The data processing and augmentation pipeline for creating LOGICPOLITICS is shown in the above figure. To the left is the preprocessing component, where we, from the source of political speeches, generate speech summarization and a list of the most prevalent keywords. Keywords and summarizations will then be used to extract sentences S = {S1, S2, ...} that serve as good input for the data augmentation step. To the right, we briefly visualize the workflow of data augmentation.

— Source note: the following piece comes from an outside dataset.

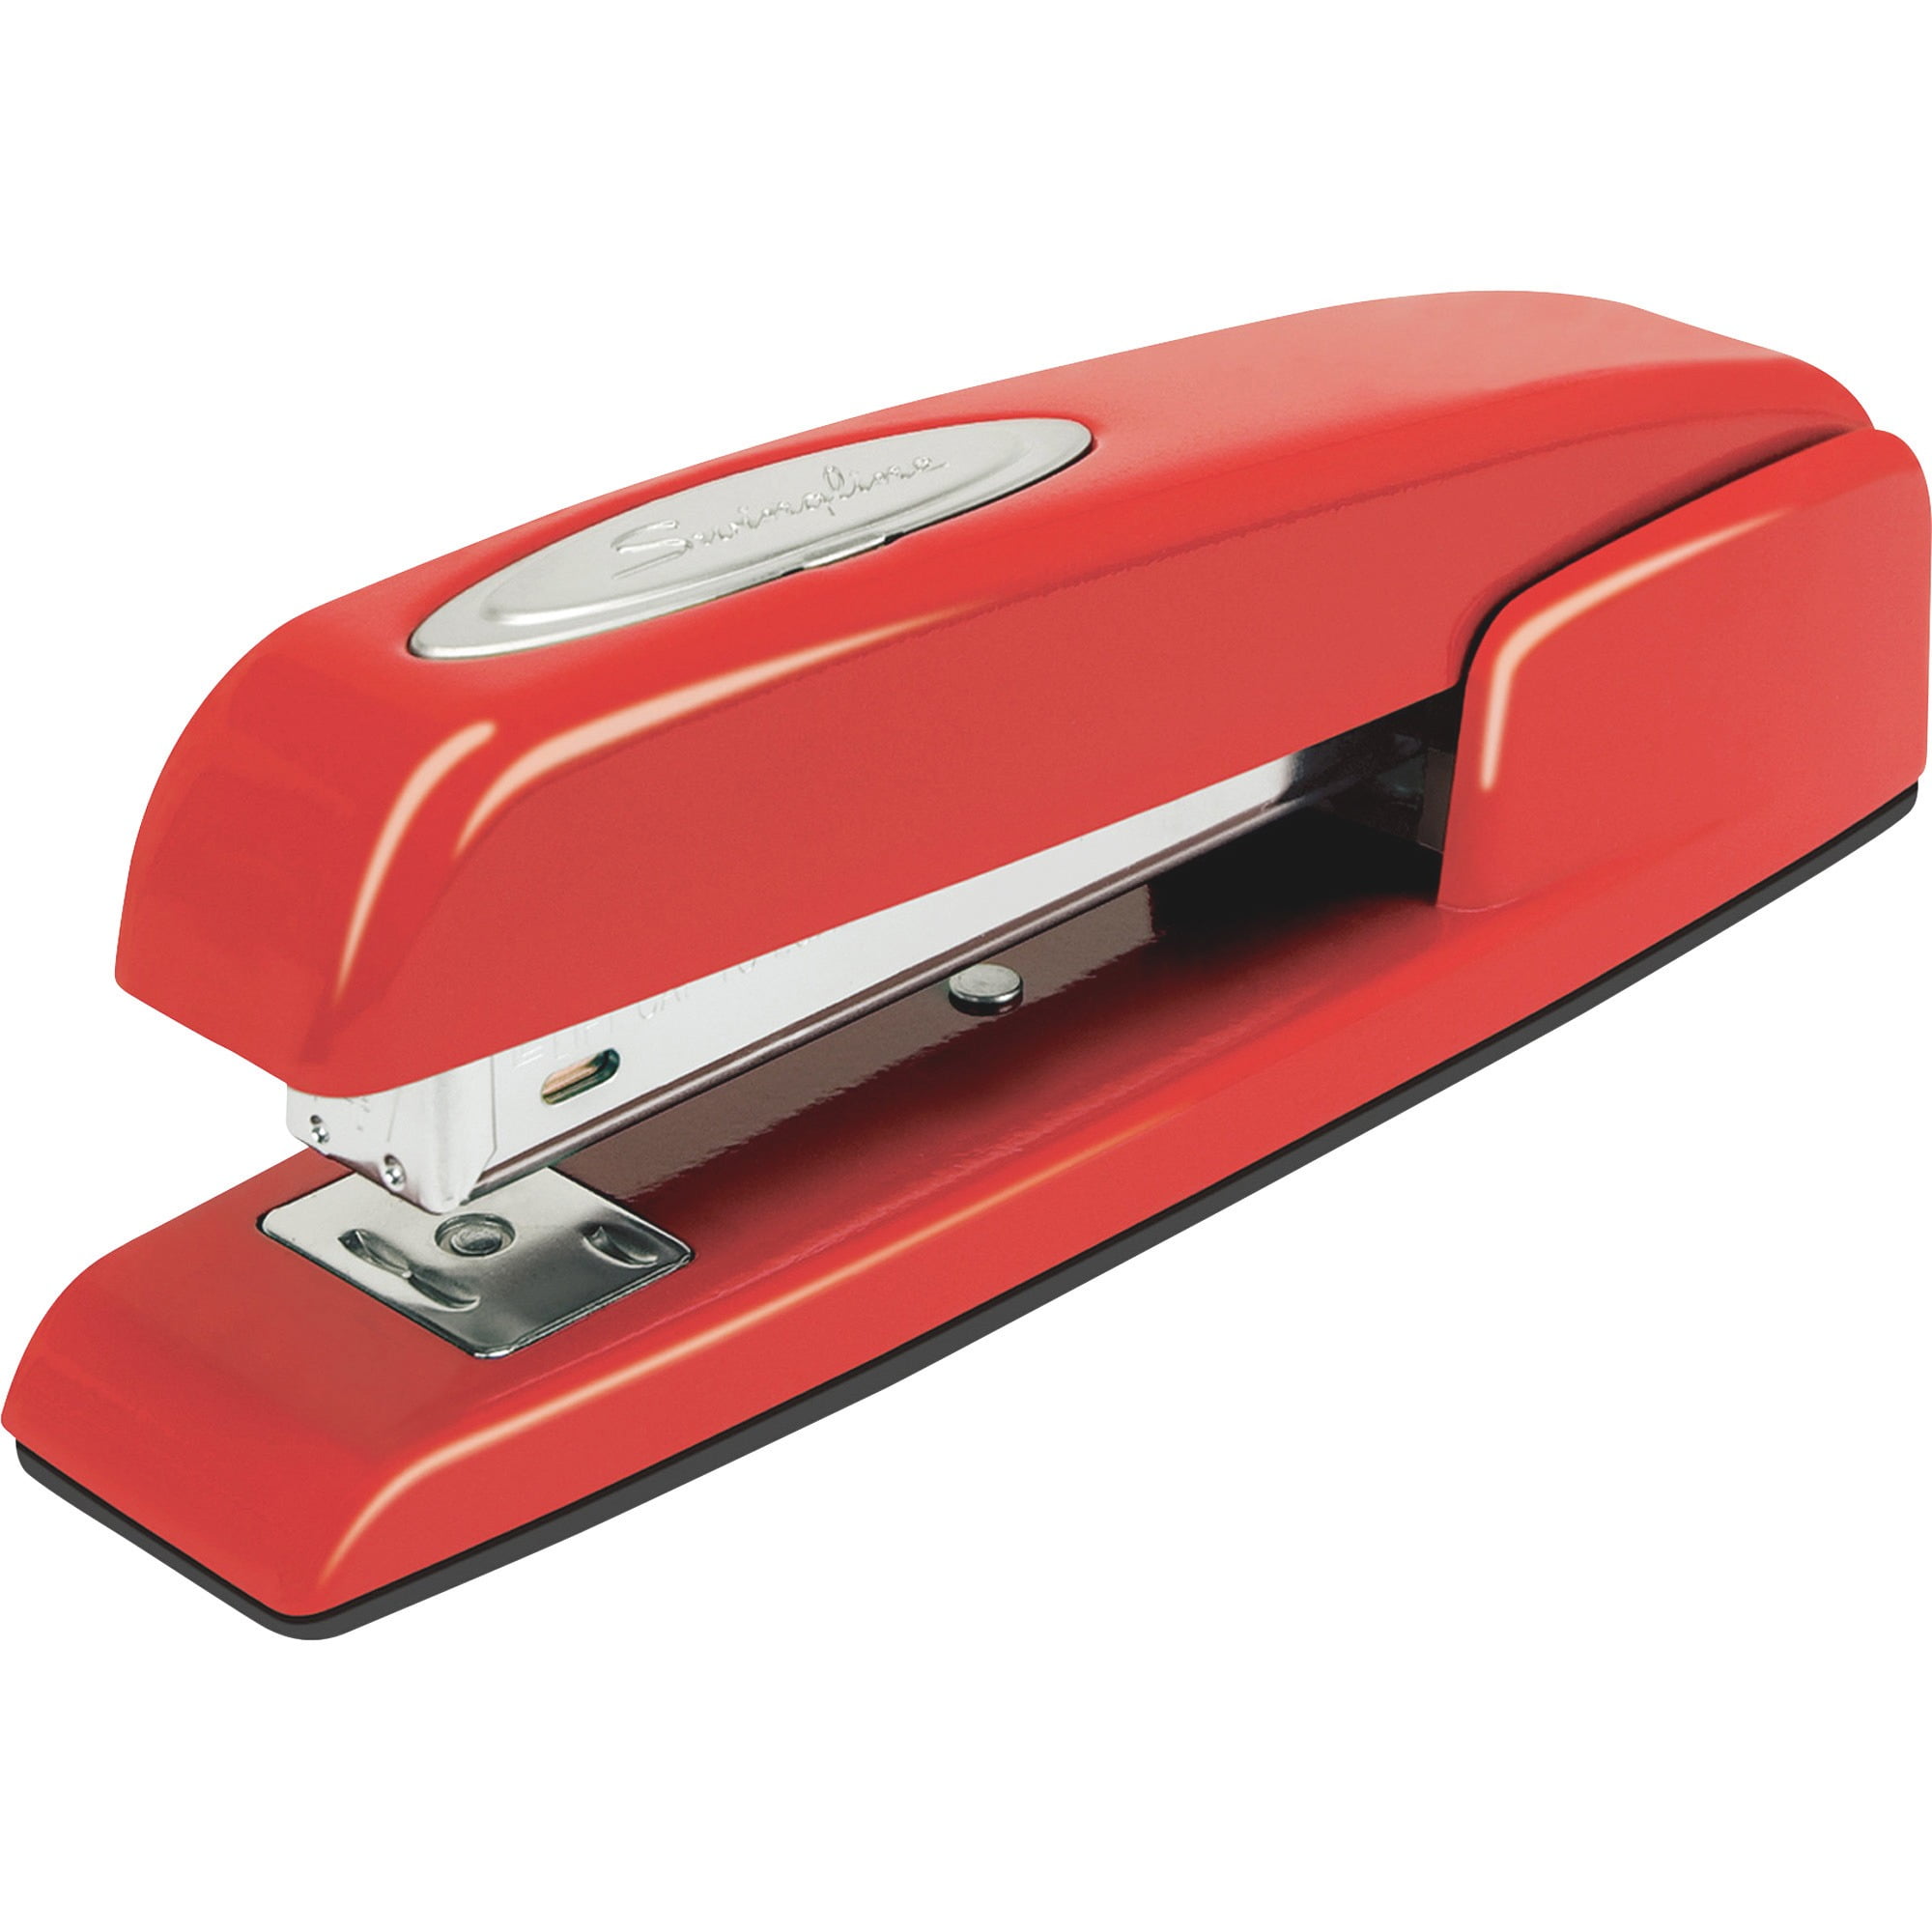 staples swingline stapler

For the same set of extracted sentences S, we use an LLM to create a corresponding set of premises (fallacious sentences) P = {P1, P2, ...} under the fallacy category of Fi.

Results

Our final dataset of LOGICPOLITICS comprises 12,489 premises across four types of fallacies (Appeal to Emotion, False Dilemma, Fallacy of Relevance, Intentional Fallacy).

Evaluation on LOGICPOLITICS showed fair results, signifying a potential enhancement to the fallacy detection benchmark. Electra fine-tuned on LOGICPOLITICS performs 2% worse than Electra-Logic in terms of accuracy:

Model F1 P R Acc
Electra-Logic 0.68 0.59 0.76 0.42
Electra-LogicPolitics 0.66 0.54 0.67 0.40

Class-specific performance achieved by Electra-LogicPolitics. For each class, we report the F1 score, precision (P), recall (R), and the frequency (Freq.) of the class in the LOGIC test set:

Logical Fallacy Class P R F1 Freq.
Appeal to Emotion 0.57 0.34 0.43 23
False Dilemma 0.78 0.91 0.84 12
Intentional Fallacy 0.66 0.37 15
Fallacy of Relevance 0.94 0.66 0.78 24
Overall 0.49 0.61 0.56 75

Conclusion

LOGICPOLITICS dataset still needs further improvement in reducing the repetitiveness of the generated premises. Therefore, we need to polish the prompts for augmentation, by unifying the number of examples in all prompts for all fallacies and providing clearer instructions to avoid repetitiveness.

We hope that our contribution will facilitate the creation of resilient models aimed at combating manipulation.